— Input data —
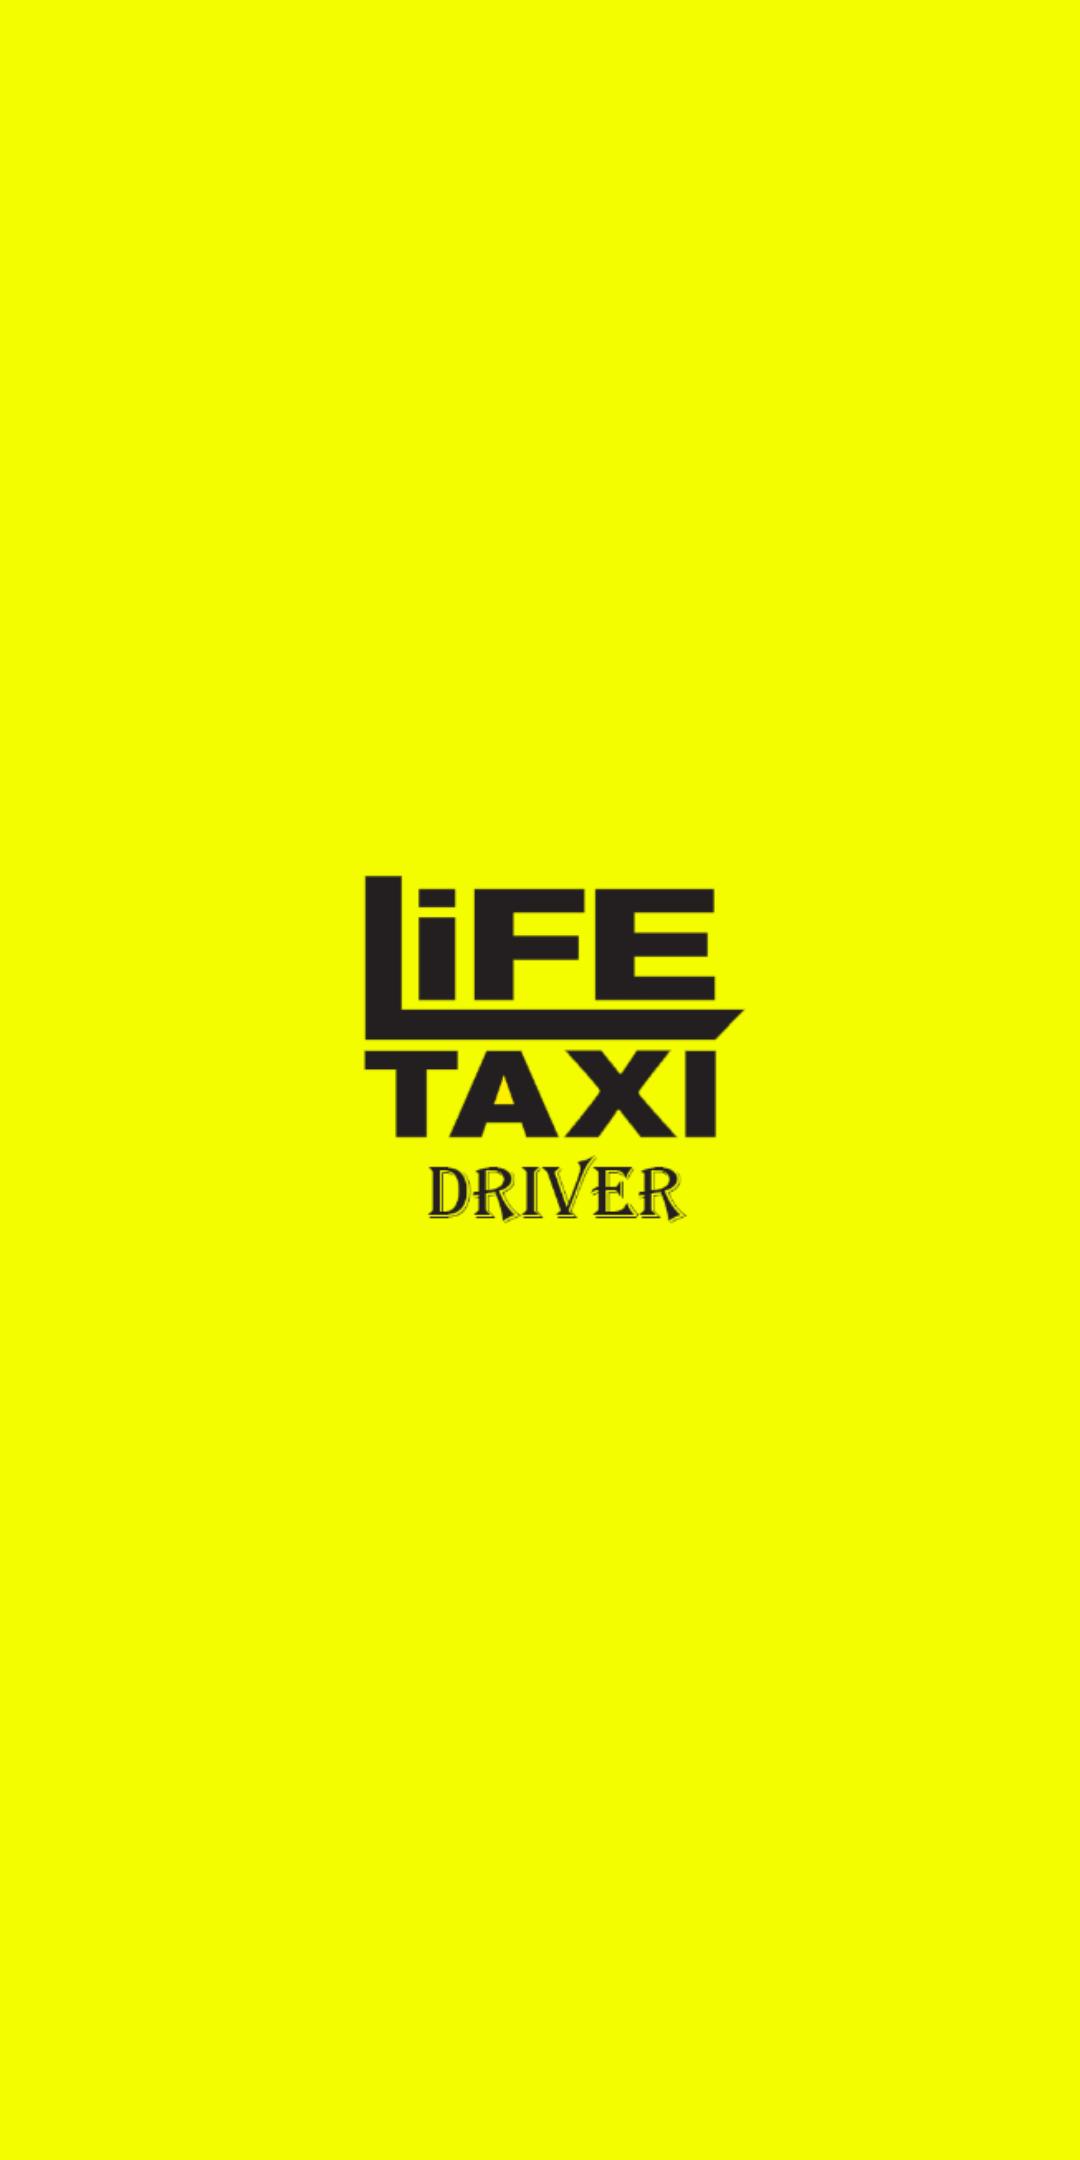 Taxi life моды. Такси лайф. Жизнь-такси. Taxi Life карта. Такси лайф отзывы.
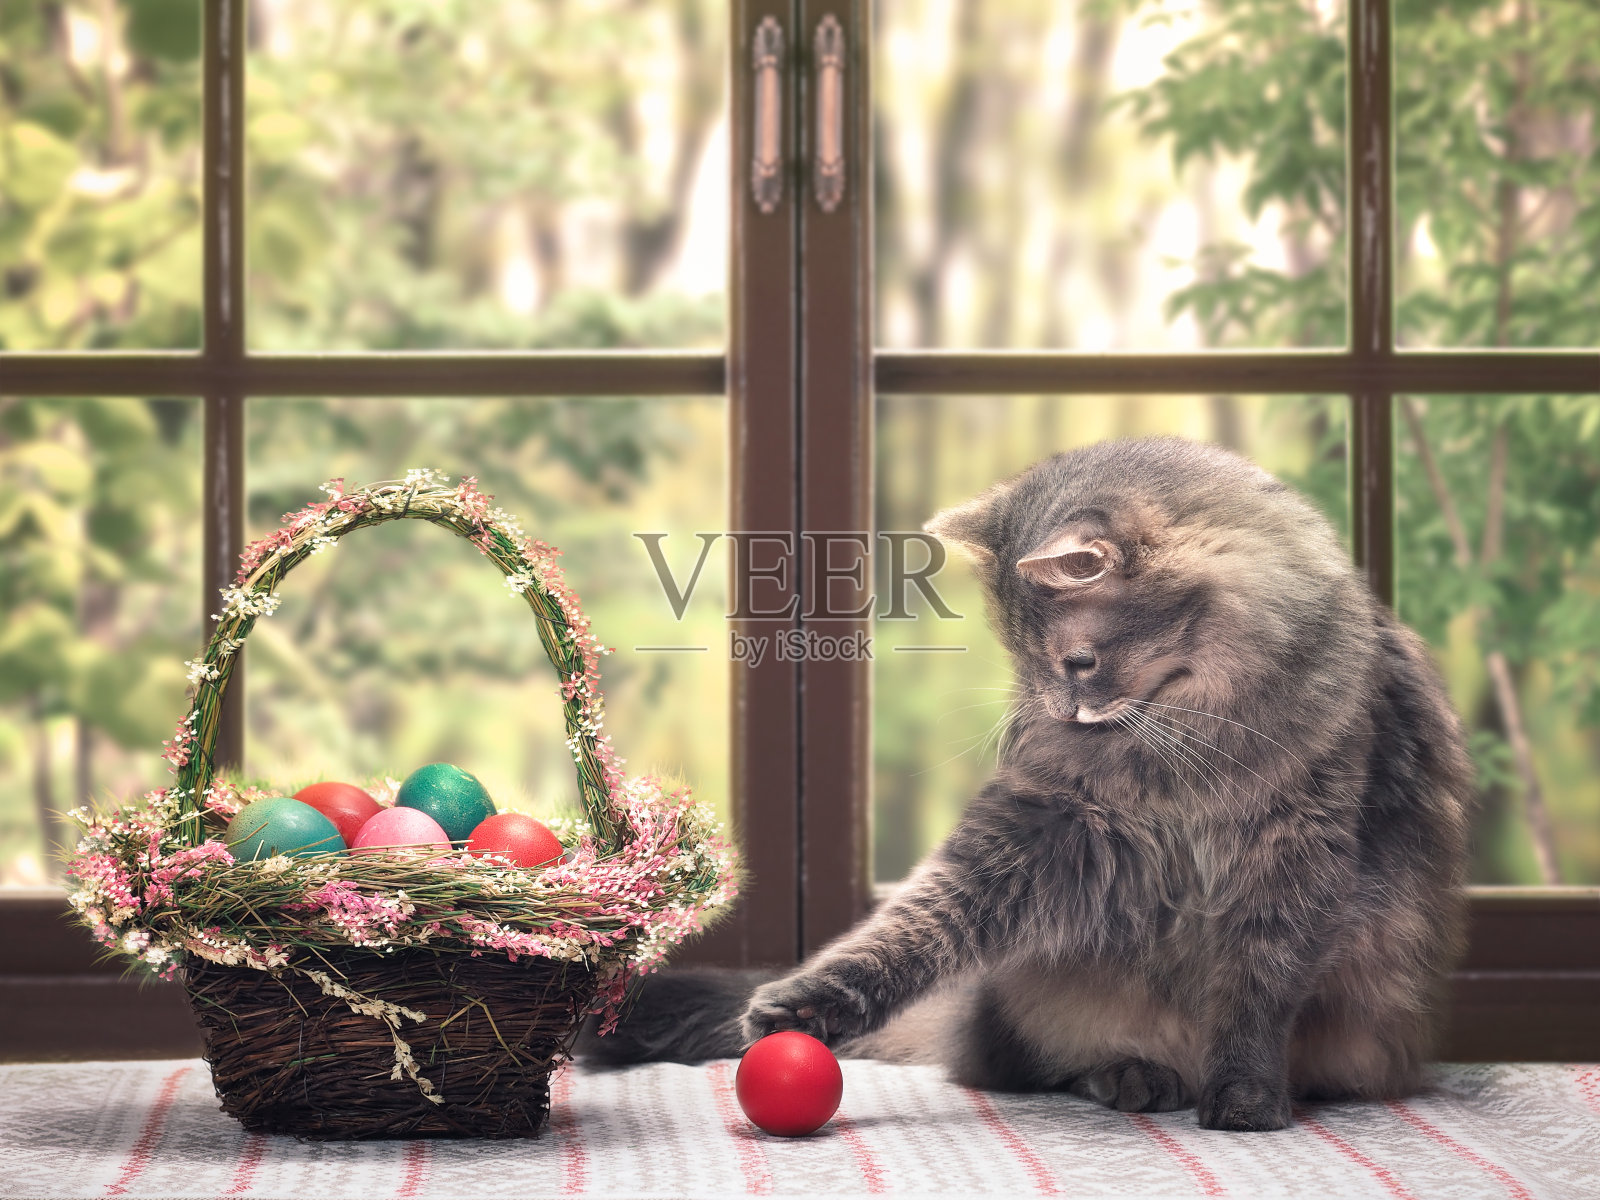 猫在玩红鸡蛋。一篮子漂亮的复活节彩蛋照片摄影图片
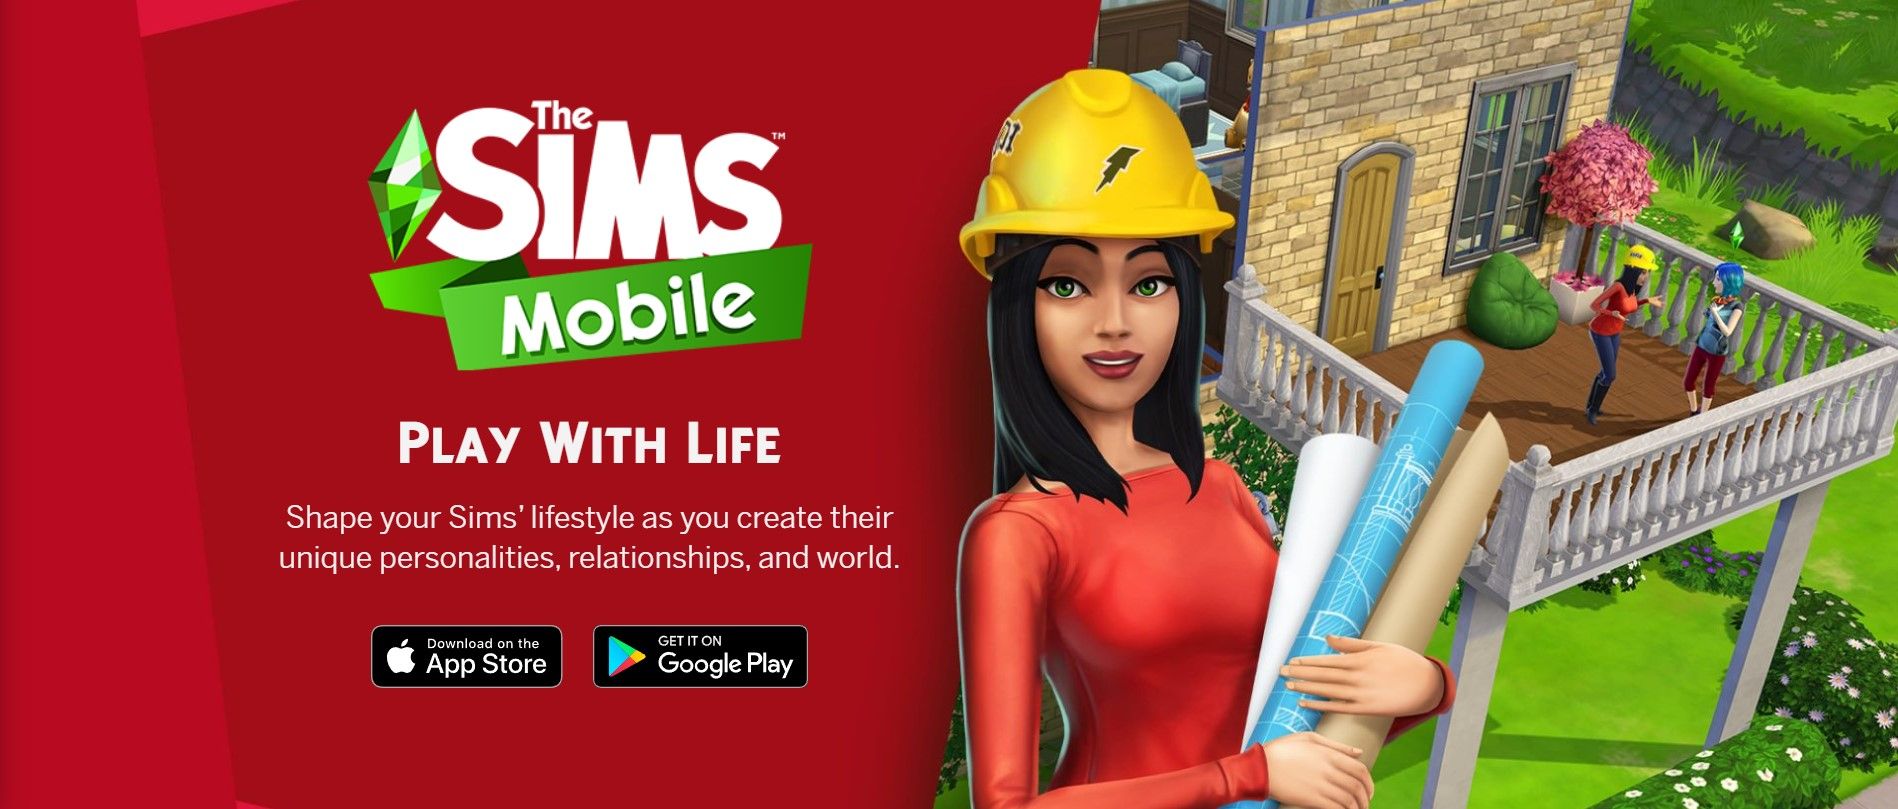 Miniatura promozionale di The Sims Mobile che mostra una Sim donna con un elmetto che tiene dei progetti arrotolati
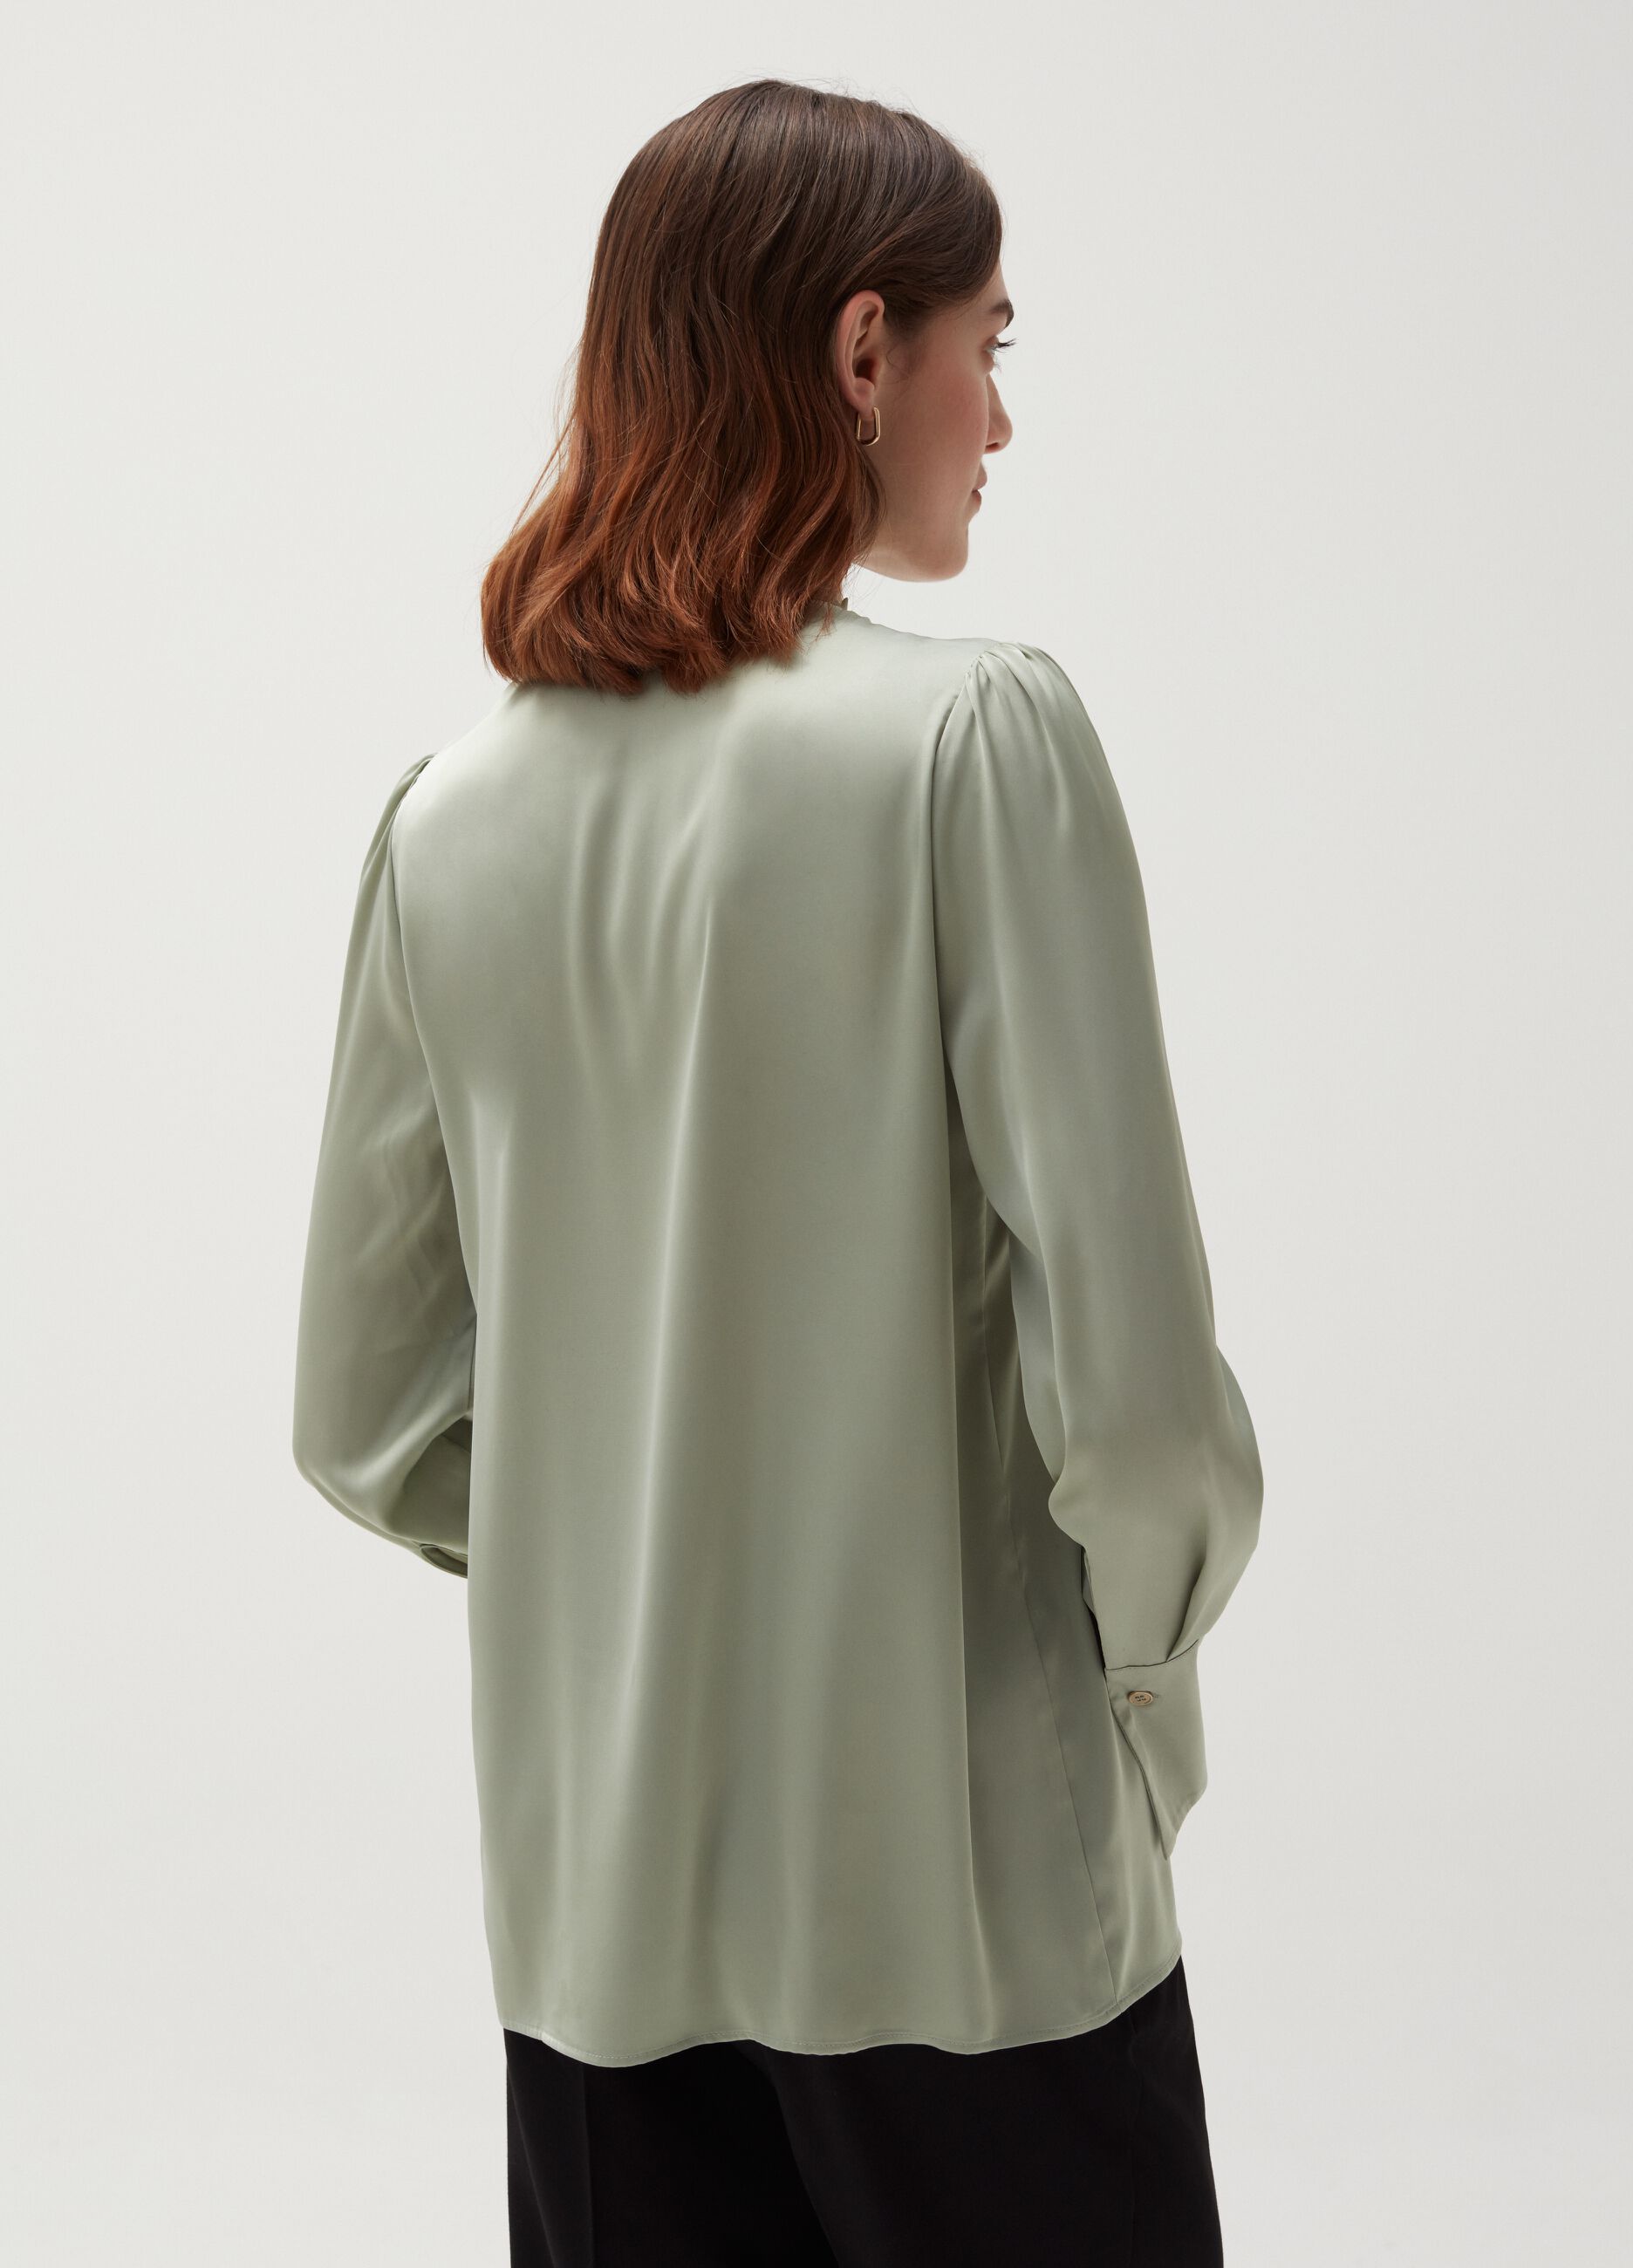 Satin blouse with flounce

— Exercise description —
Your answer must be an exact copy of the listing, with every picture omitted.

— Expected answer —
 Taxi life моды. Такси лайф. Жизнь-такси. Taxi Life карта. Такси лайф отзывы.
 猫在玩红鸡蛋。一篮子漂亮的复活节彩蛋照片摄影图片
 Miniatura promozionale di The Sims Mobile che mostra una Sim donna con un elmetto che tiene dei progetti arrotolati
 Satin blouse with flounce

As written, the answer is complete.